White Flowers are White Meadowfoam, I think!....link: http://www.wildflower.org/gallery/result.php?id_image=159
A mini donuts and orange juice morning--afternoon actually...paddled back to the Creek at the Swath with the little time before work...sat awhile on the RipRap....Juncos on the opposite Bank...Yellow Rump Warbler too...cloudy over cast, sprinkles all late afternoon, warm...at Lunch: sat on Ozone Boulder awhile...wondered a bit how the Two Boulders got there...they resemble RipRap Boulders--and I wonder where those are from too!!!....there are a lot of different Granites in the Valley...kinda like a lot of different cookie doughs that hardened before being made into cookies!....one Rock Fall below Elephant Rock is called the Chocolate Chips, or something like that!....see if I can pare down the sleep debt tonight, and get out and about more tomorrowmorrow!!!...pics up from trip that went by Lick Observatory....on almost evey roll over the Coastal Foothills, from up by Arcata, to down by Santa Barbara, I've seen Magpies....usually just One or Two Magpies....lots of Juncos at the Lunch Sit....Song Sparrow, Raven, Acorn Woodpecker, Blue Jay, too....
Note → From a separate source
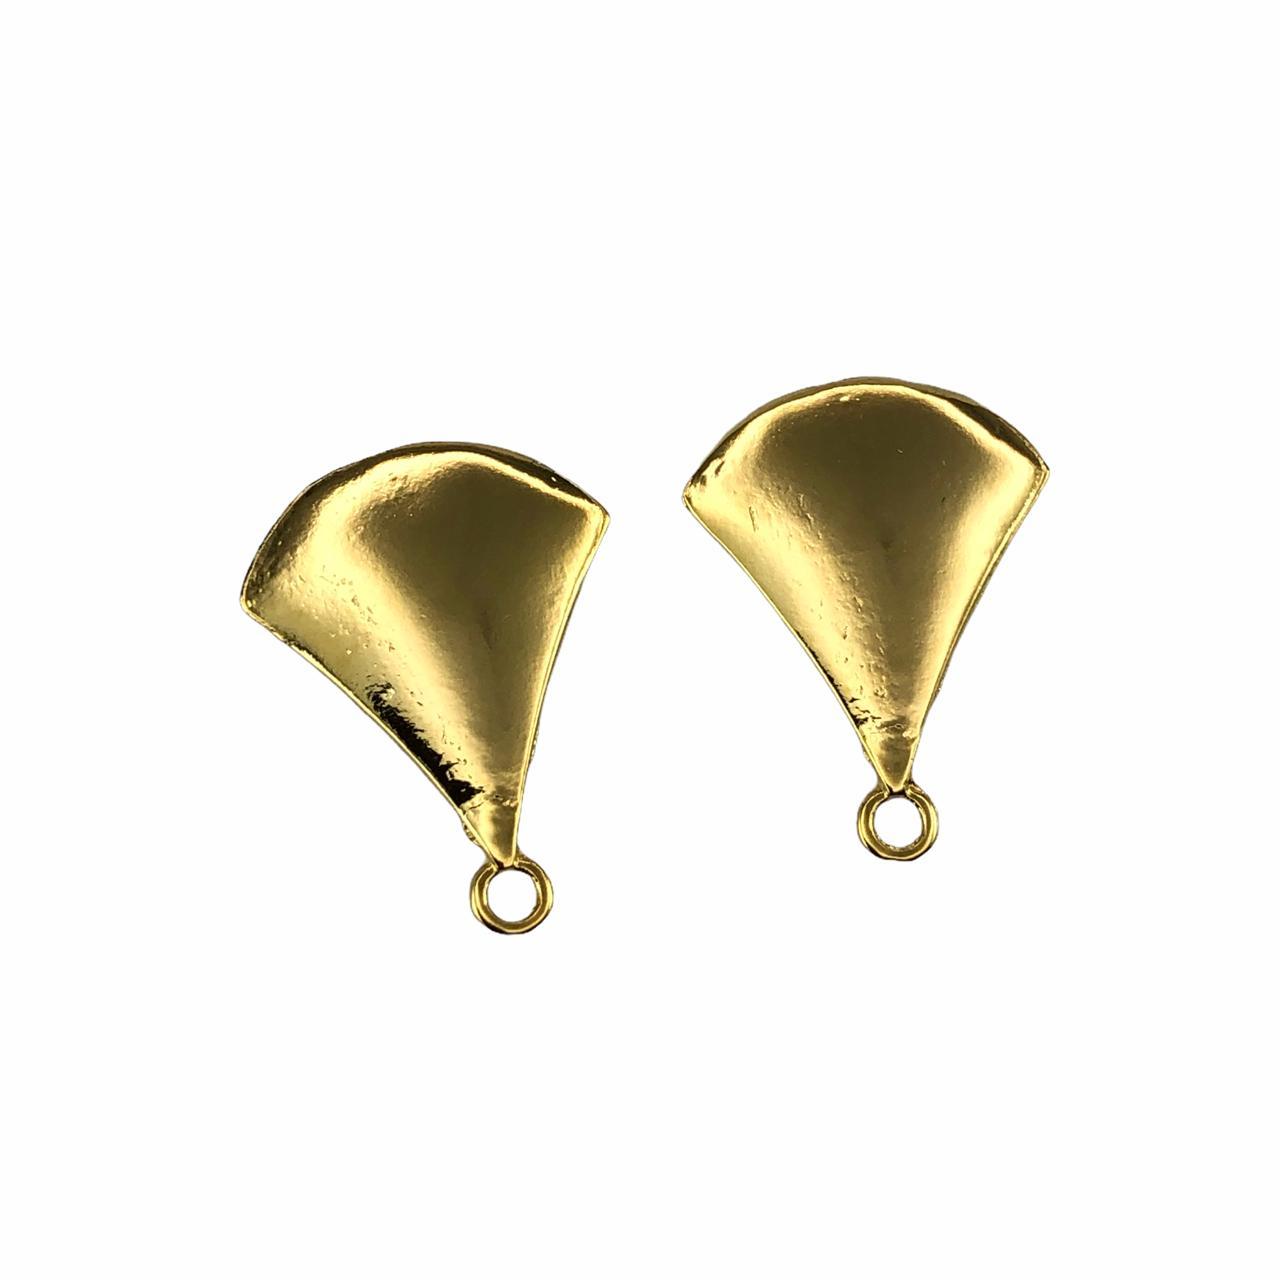 BP1703 - Base de Brinco Triangular Banhado Cor Dourado - 01Par

Although granite dominates nearly the entire length of the Sierra, the granite is not monolithic. Instead, it is a composite of hundreds of smaller bodies of granitic rock that, as magma (molten material), intruded one another over a timespan of more than 100 million years. This multiplicity of intrusions is one of the reasons why there are so many varieties of granitic rock in Yosemite and the rest of the Sierra. The differences are not always apparent to the casual observer, but they are reflected in sometimes subtle differences in appearance and in differences in response to weathering and erosion acting on the rocks.